Short answer
Option B — because 9th largest element is asked for.
Min heap is centralized towards smaller elements, so for larger elements, time complexity is never optimal.
For a sorted array, all we need to do is go to the 9th element from the last index. Extract it, then shift 8 elements one position to the left. This takes constant time.
For balanced BST, the largest element is the rightmost element. Combine that with the fact that the tree is balanced, we get logarithmic time complexity.
Long Answer
find and remove the 9th largest element
First of all, note that Time Complexity is a theoretical concept, and there's a world of difference between "9th largest" and "kth largest"
Let's see this question for both 9th largest, and kth largest — for each data structure given. Along with a few other variations.
Min heap
In a min heap, we know only three things:-
- Root has the smallest element.
- Root of a subtree has the smallest element of that subtree. Both these points are the definitions of "heap property"
- The nth smallest element will be found in the first n levels of the min heap.
(For max heap, all the points apply for "largest" instead of smallest)
So, do we know anything about the largest element in a min heap? Other than the fact that it will be a leaf node (can be derived from heap property), we can't say anything more.
The 9th largest element will be in any random location, as long as it doesn't violate heap property. This will take O(n) time. Same would be for the case of kth largest element.
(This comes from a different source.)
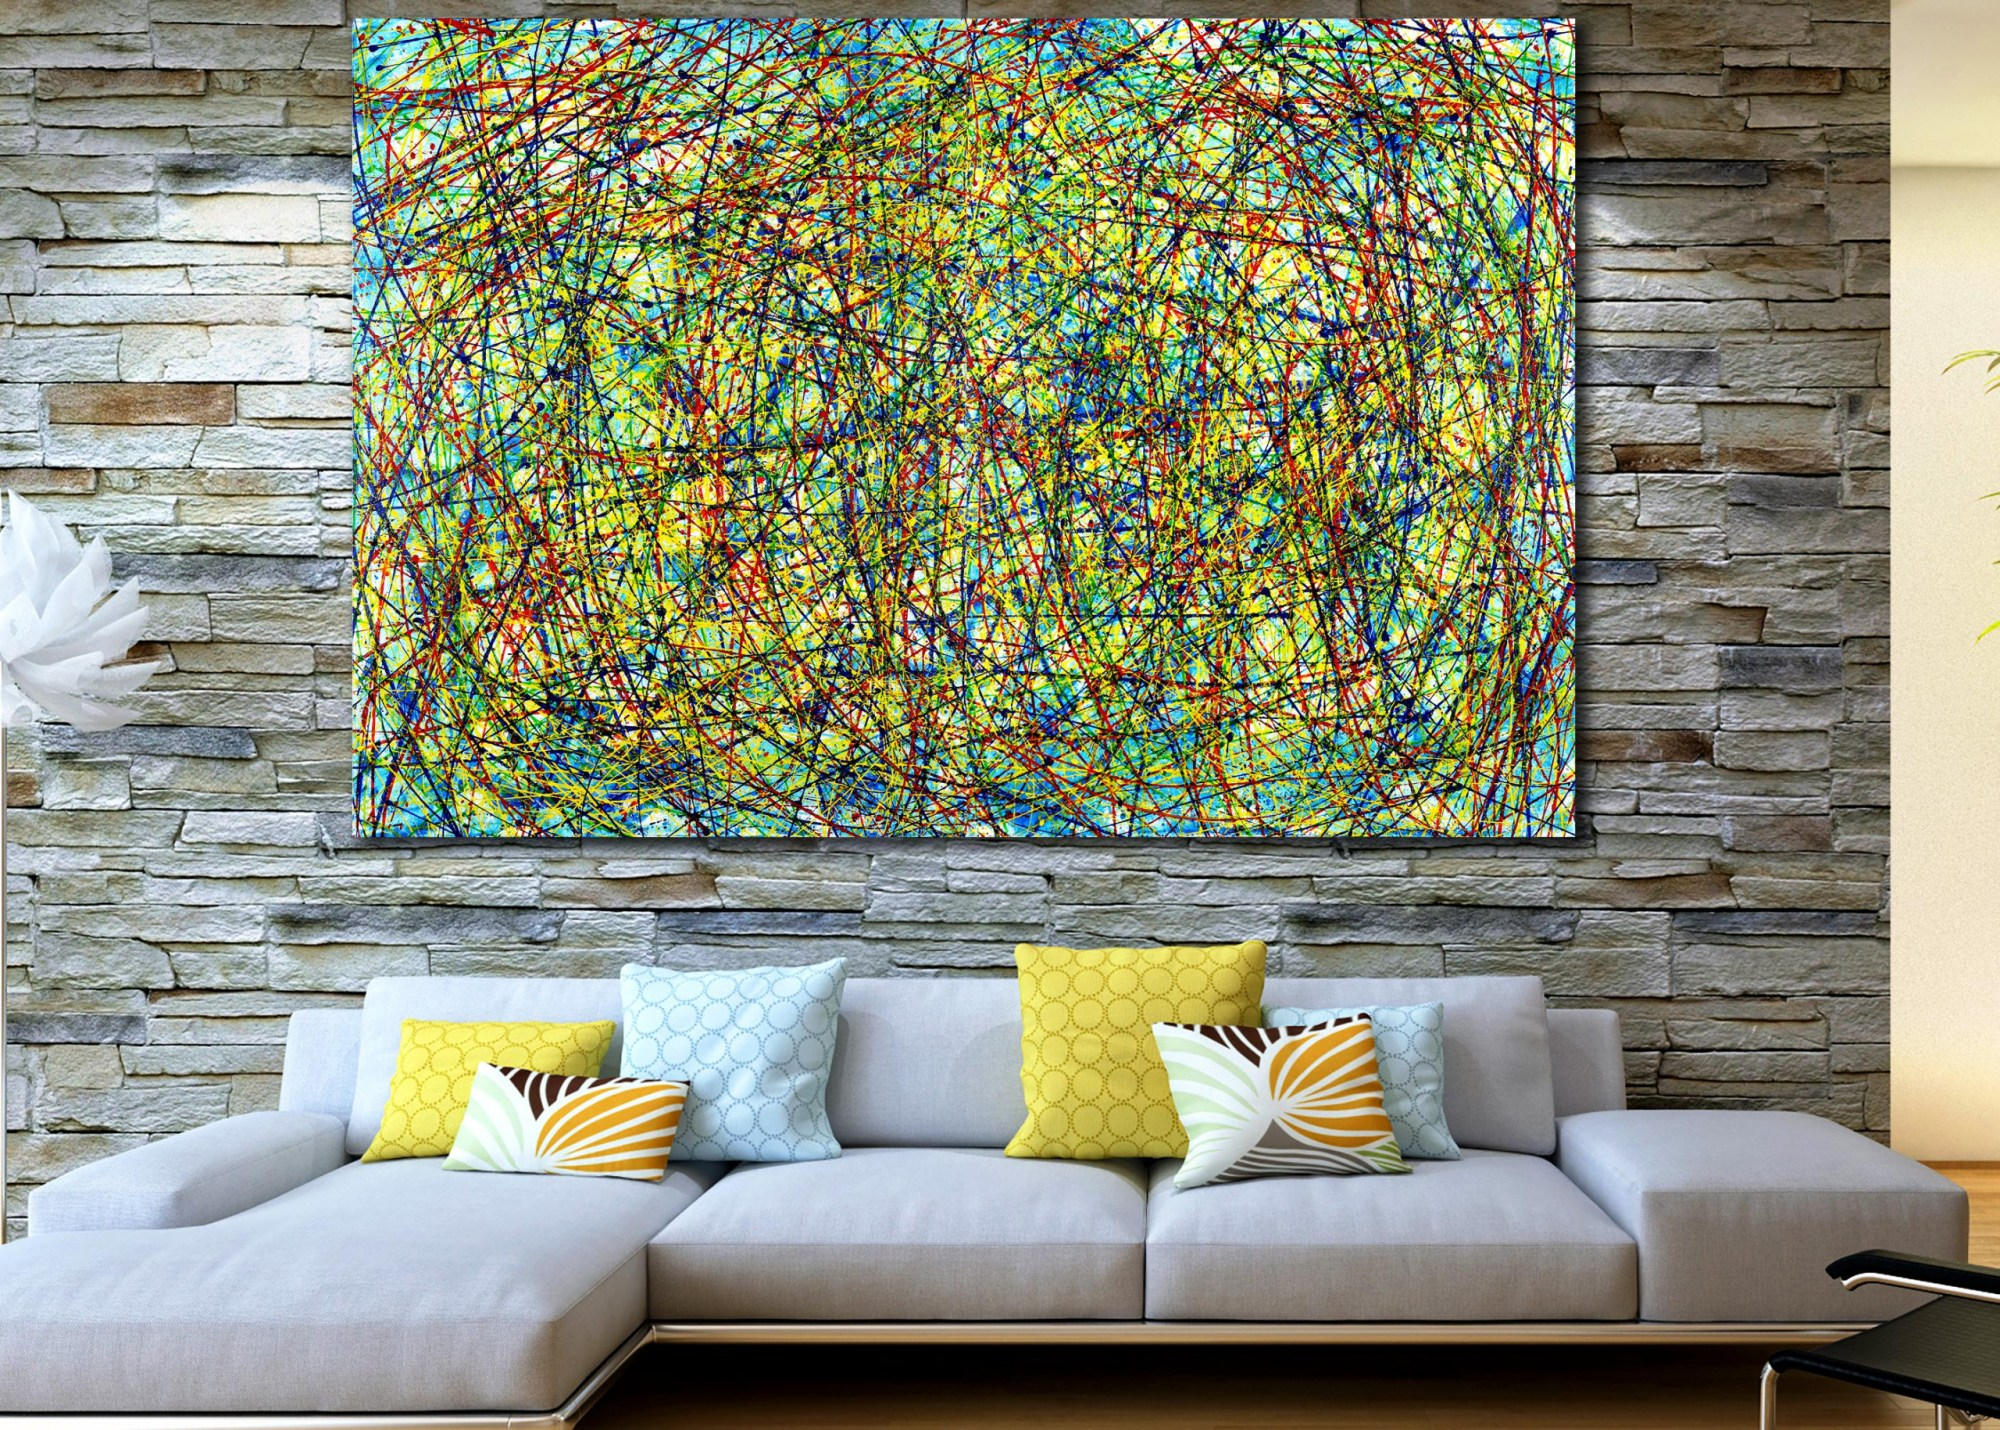 Colorful Display of Affection 1 (2021) / Artist: Nestor Toro

PS: If this was a max heap, then by point number 3, we know that 9th largest element will be present in the first 9 levels. So, finding the 9th largest element in any max heap takes $O(1)$ time. Because no matter how big the heap is, we'll search for only first 9 levels.
Sorted Array
In a sorted array of n elements, all we need to do is go to the 9th element from the last index. Extract it, then shift 8 elements one position to the left. This takes $O(1)$ time.
But if this was kth largest, then we'd have needed to go to the kth element from the right, extract it, and move $(k-1)$ elements to the left. This would take $O(k)$ time.
For the smallest element, we would extract the element at the first index (index number 0) and move the remaining $(n-1)$ elements by one position to the left. This takes $O(n)$ time.
Keep in mind this we're doing this rearrangement because we need to find and remove the required element.
Balanced Binary Search Tree
This is a bit tricky. But any problem related to Balanced Binary Search Tree should be solved by keeping this fact in mind that to find any specific node, we need $O(logn)$ time.
We'll get the largest element in $O(logn)$ time. Remove it, and re-adjust: $O(logn)$ time.
So, total time to find and remove the largest element: $O(logn+logn)=O(logn)$
If we do this 9 times, we get $O(18logn)=O(logn)$ time.
Obviously, this algorithm rips apart your tree, and is meant to be used just once. Or you can add back the 9 elements, again in $O(9logn)=O(logn)$ time.